Task item:
Whenever a picture appears, leave it out while repeating all the other data exactly.

Input data:
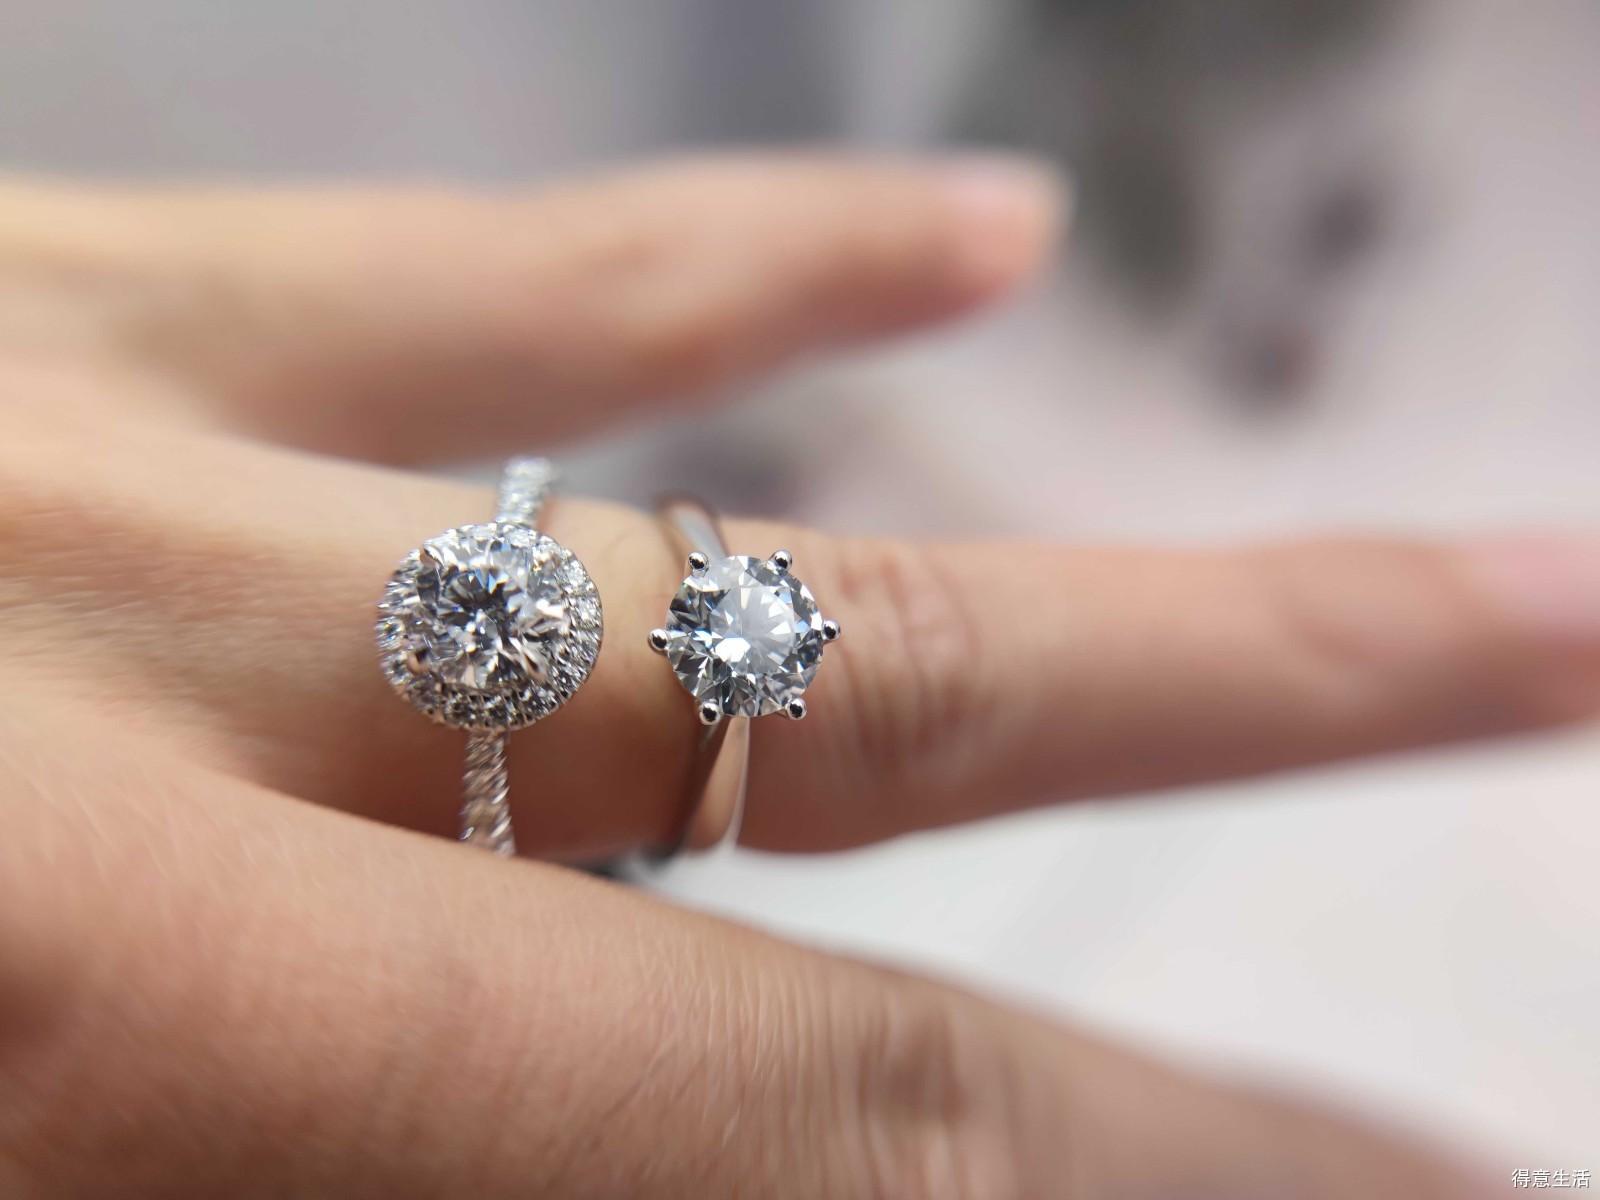 【备婚小能手】和表妹一起买钻戒,60分钻石一点也不输一克拉!
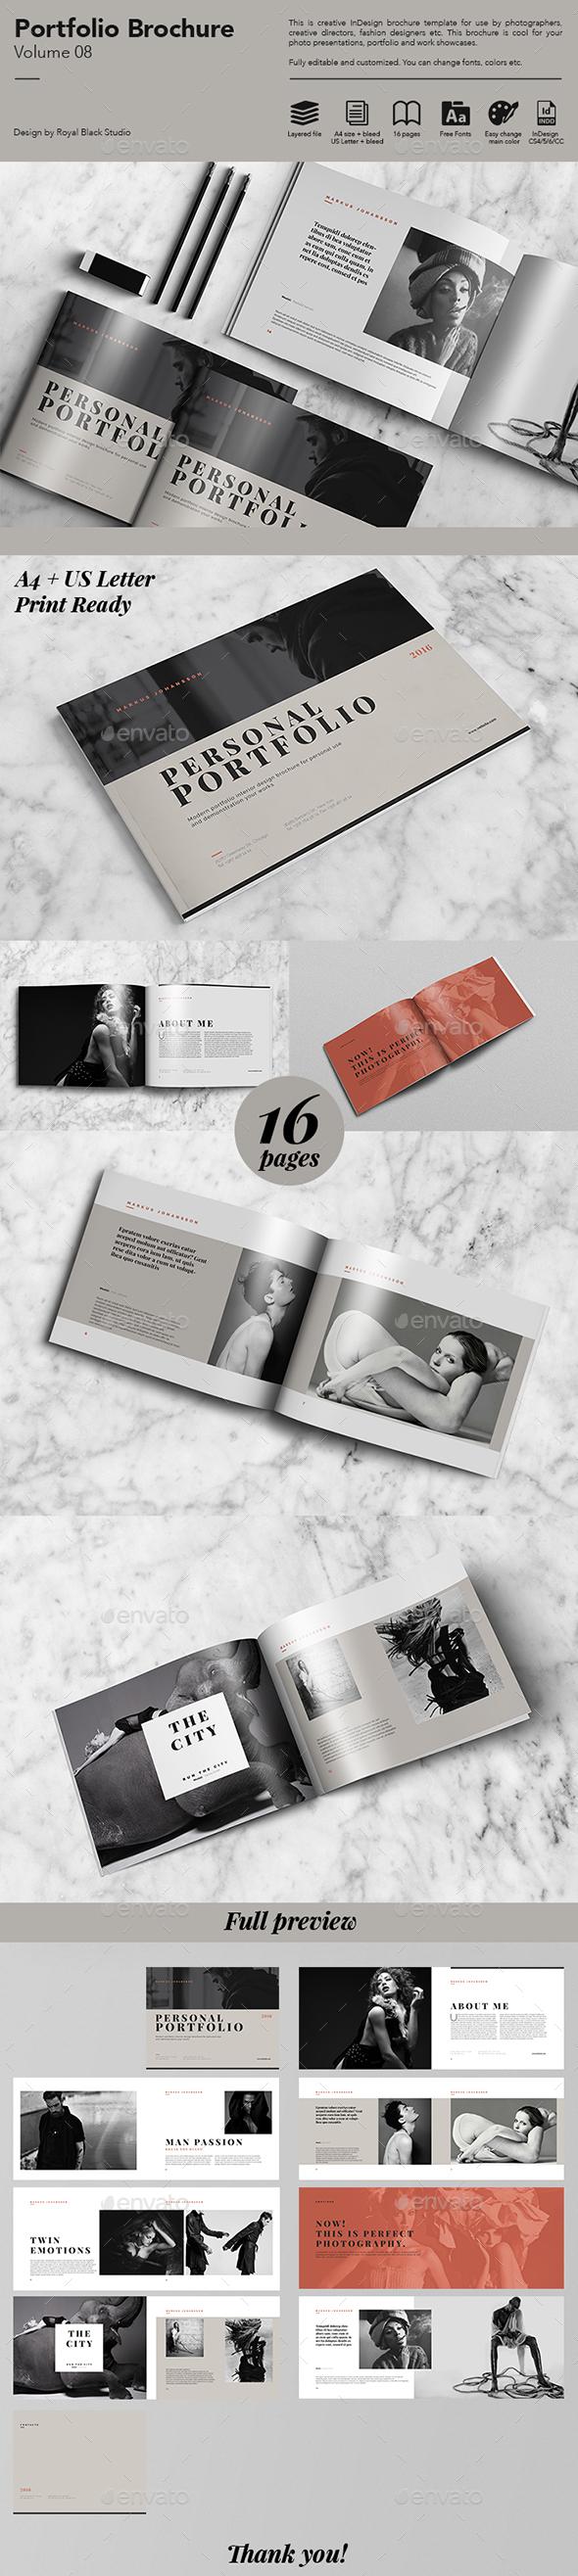 Portfolio Brochure Vol.8
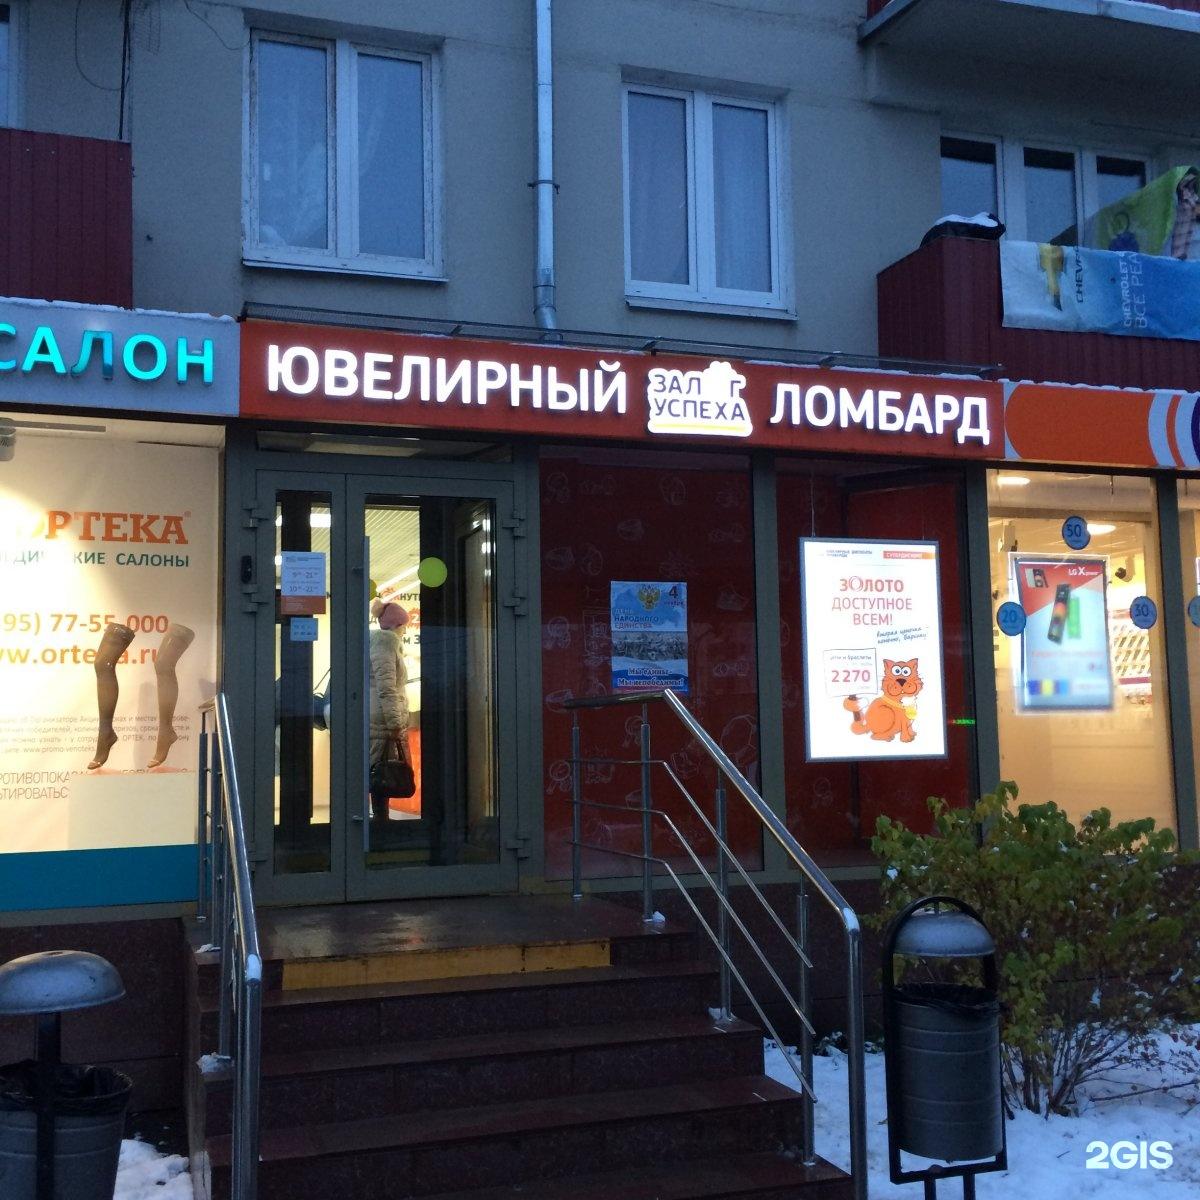 Ооо залог успеха ломбард москва официальный сайт договор залога о передачи автомобиля
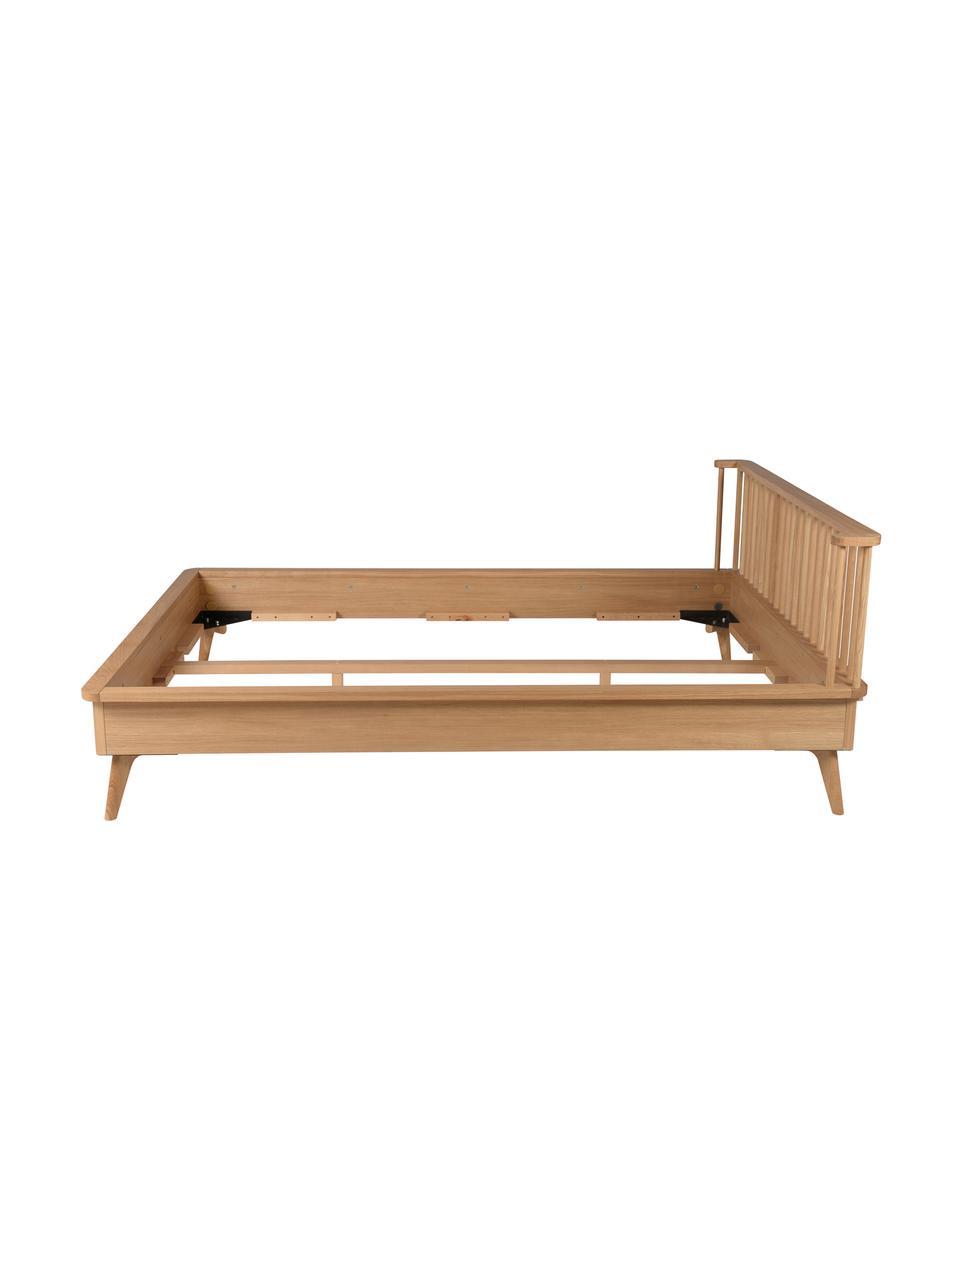 Letto in legno Wild, Pannello di fibra a media densità (MDF) con finitura in legno di quercia, Legno di quercia, 160 x 200 cm

Result of this exercise:
 【备婚小能手】和表妹一起买钻戒,60分钻石一点也不输一克拉!
 Portfolio Brochure Vol.8
 Ооо залог успеха ломбард москва официальный сайт договор залога о передачи автомобиля
 Letto in legno Wild, Pannello di fibra a media densità (MDF) con finitura in legno di quercia, Legno di quercia, 160 x 200 cm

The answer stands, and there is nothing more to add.